It is interesting to see Foursevens introduce a Bolt Action CR2 flashlight. However one may feel about this flashlight it seems that Foursevens is single handedly keeping the CR2 battery format alive one way or another. Of course, most reactions to the light, including mine are quite negative because of the apparent impracticality of using two such batteries in a light of this nature. At 490 lumens, the light does pack quite a punch though and it features fairly decent run time which probably accounts for the cell choice, but still. The upcoming Zebralight 400+ lumen single AA SC5 XM-L2 would seem a more appealing option.

The bolt action is interesting though and it could be an interesting concept to see a single cell version of a bolt action CR2 but with the bolt up front, activated with the thumb.


----------



## BillSWPA (Dec 31, 2014)

The FourSevens bolt action light is the first multi-cell CR2 light I have seen. Because all of my current and likely future CR2 lights as well as my one CR2 powered camera are all single cell, I can safely buy less expensive CR2 cells knowing that the hazards of mismatched cells in series will never be an issue. With a multi-cell light, one should likely plan to spend a bit more on their CR2 cells, and buy cells that is known to retain their charge consistently with time. I would likely buy the FourSevens brand CR2 cells if I owned. a bolt action light.


----------



## RedLED (Jan 2, 2015)

CR2 are my favorite sized lights and I, too would love a clicky. I think when someone developes the technology to keep it the same size as an Aeon, and still with a split ring that would be a winner. A CR2 version of Oveready's low res. brass switch could be designed down to fit a CR2 platform.

I have back up Aeons and a back up Ti 47's MiNi still I it's box. And I have the Ti Surefire Titan. These are my favorite CR2's, however, I do look for some of the other great models that were built. 

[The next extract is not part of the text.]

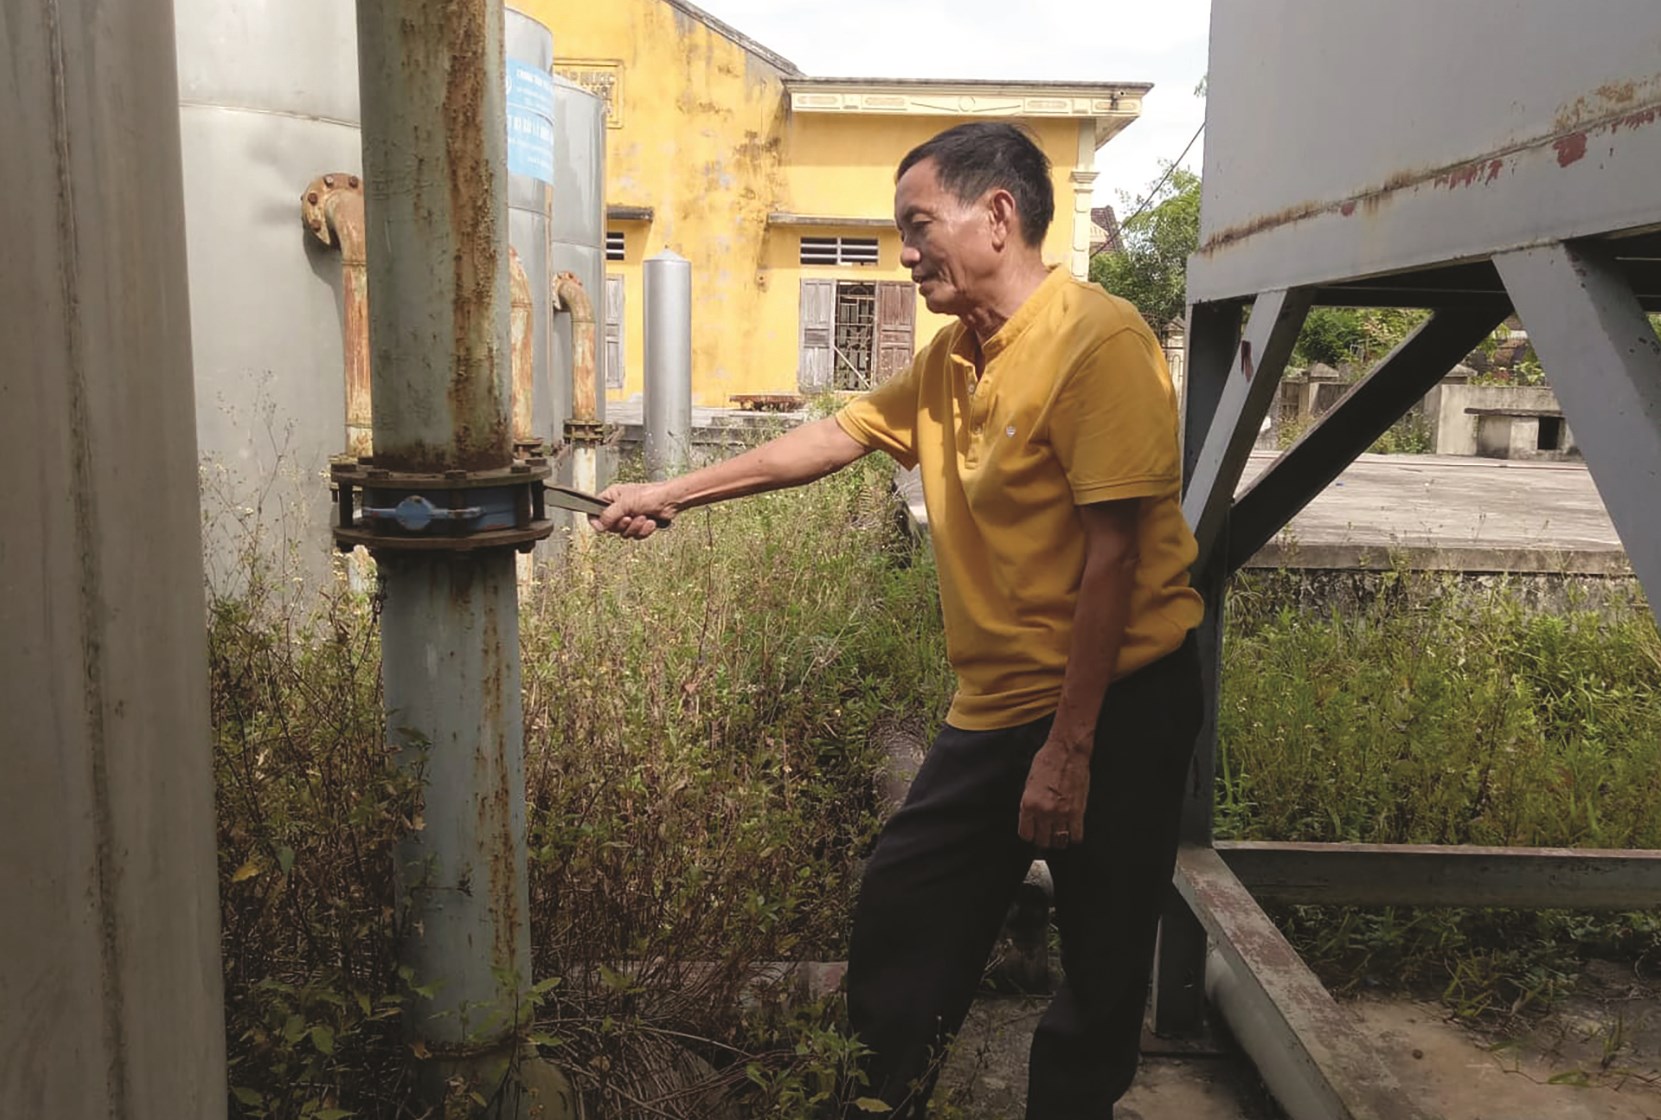 Ông Trần Quốc Ngọc, người được chính quyền xã giao nhiệm vụ trông coi Nhà máy nước cho rằng, nếu Nhà máy không được đầu tư sửa chữa sẽ rất lãng phí tiền của

I am am afraid we are in the post CR2 era, the Golden age of CR2 lights has past, and I really hope there can be a comeback of these lights.


----------



## RedLED (Jan 2, 2015)

archimedes said:


> As you can see in the photo comparing Ra Twisties above, the CR2 size doesn't really save much size in the HDS/Ra flashlights [/QUOTE
> 
> When did RA make a CR2?


----------



## RedLED (Jan 3, 2015)

RedLed said:


> archimedes said:
> 
> 
> > As you can see in the photo comparing Ra Twisties above, the CR2 size doesn't really save much size in the HDS/Ra flashlights [/QUOTE
> ...


----------



## archimedes (Jan 3, 2015)

RedLed said:


> When did they have a CR2?



They didn't ... that one is custom


----------



## KuroNekko (Oct 31, 2017)

I apologize for the grave-digging, but this thread is the latest one regarding CR2 flashlights. Most others on CPF are from 2005 to 2009. 
However, the years since the CR2's were discussed have revealed their fate. CR2 flashlights are nearly extinct, especially with smaller Li-ion 10180 keychain lights hitting the market more recently. Between 10180's with built-in MicroUSB recharging and the more powerful CR123/16340 flashlights, looks like the industry has closed the door on CR2-based lights. However, I own a CR2 flashlight so I had some concerns. 

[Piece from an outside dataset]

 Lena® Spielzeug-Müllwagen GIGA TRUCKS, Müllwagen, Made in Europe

I recently researched on CPF and elsewhere about RCR2 options for my 4Sevens Mini MLR2 G2. I had bought the flashlight years ago when I got a bunch of CR2 primary batteries for free. Given the battery supply, I figured to get a flashlight for my collection that runs on them. While my primary supply is healthy (though getting old), I wanted to switch to RCR2 once they were done. My research showed there are 15266 and 15270 Li-ions, but some that used to be available years ago no longer are. For example, AW's of this size are now unavailable from all I can tell. I also had to consider that the MLR2 was designed to run on primaries at 3V so I decided that LiFePO4 batteries were the best choice given the lower voltage and better availability of them. My search revealed that the selection of any rechargeable RCR2 these days was limited to Ultrafire or Soshine. Most Ultrafires were Li-ion at 3.7V while the Soshine selection included 3.0V nominal voltage LiFePO4s. The Soshines seemed like the obvious choice. 

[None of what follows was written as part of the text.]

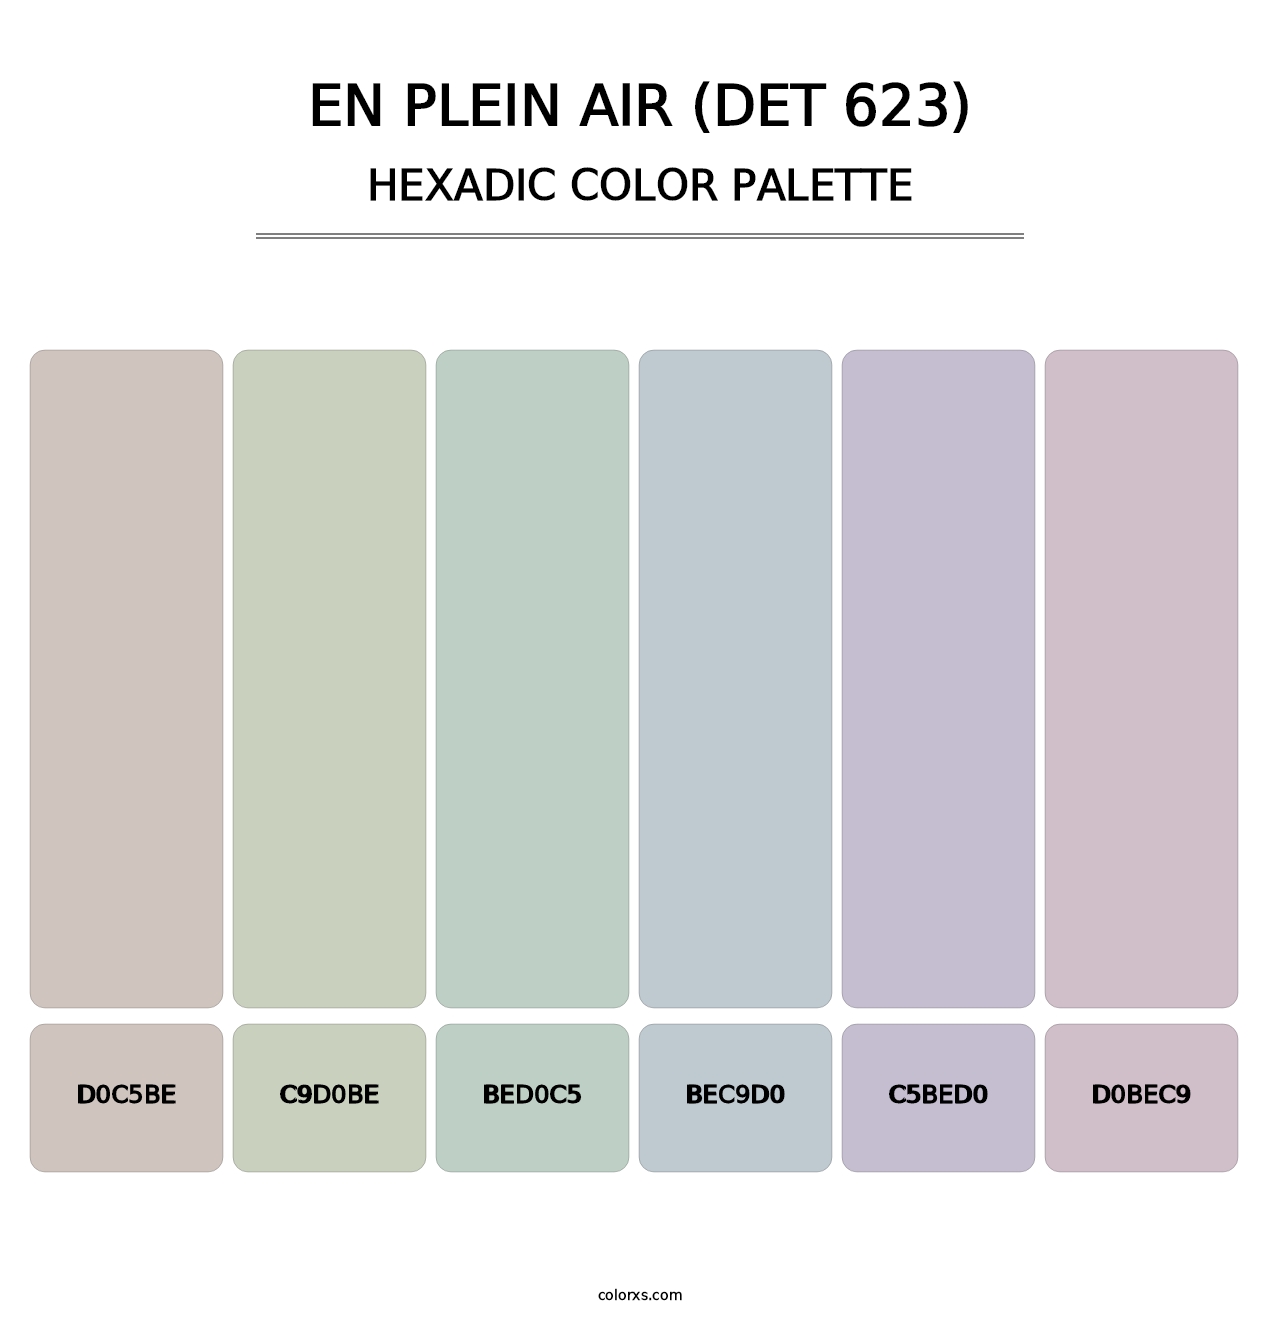 En Plein Air (DET 623) - Hexadic Color Palette

The other consideration was a charger. A number of old posts on recharging RCR2s discuss what charger should be used. Much like the flashlights, dedicated chargers for RCR2 have pretty much gone extinct. This meant having to find a discontinued model or finding a solution to charge a RCR2 with makeshift spacers or magnets. Fortunately, my research revealed that Xtar once made the MP2S, a portable charger for 16340s and 15270s. It has screw-in spacers for 15270s and a switch to select between 3.0V charging and 3.7V charging. It seemed like the ideal charger and I found a brand new one on ebay so I snatched that up. 

While the year 2017 has revealed that CR2-powered flashlights, including the Foursevens MLR2, are pretty much extinct with just a few exceptions (i.e., Nitecore SENS Mini), finding a rechargeable solution to power them isn't out of reach. Between my two Soshine LiFePO4s and the Xtar MP2S, it came out to $20. Not a bad price to pay to keep the MLR2 to play instead of resorting it to storage/emergency for the lack of rechargeables. 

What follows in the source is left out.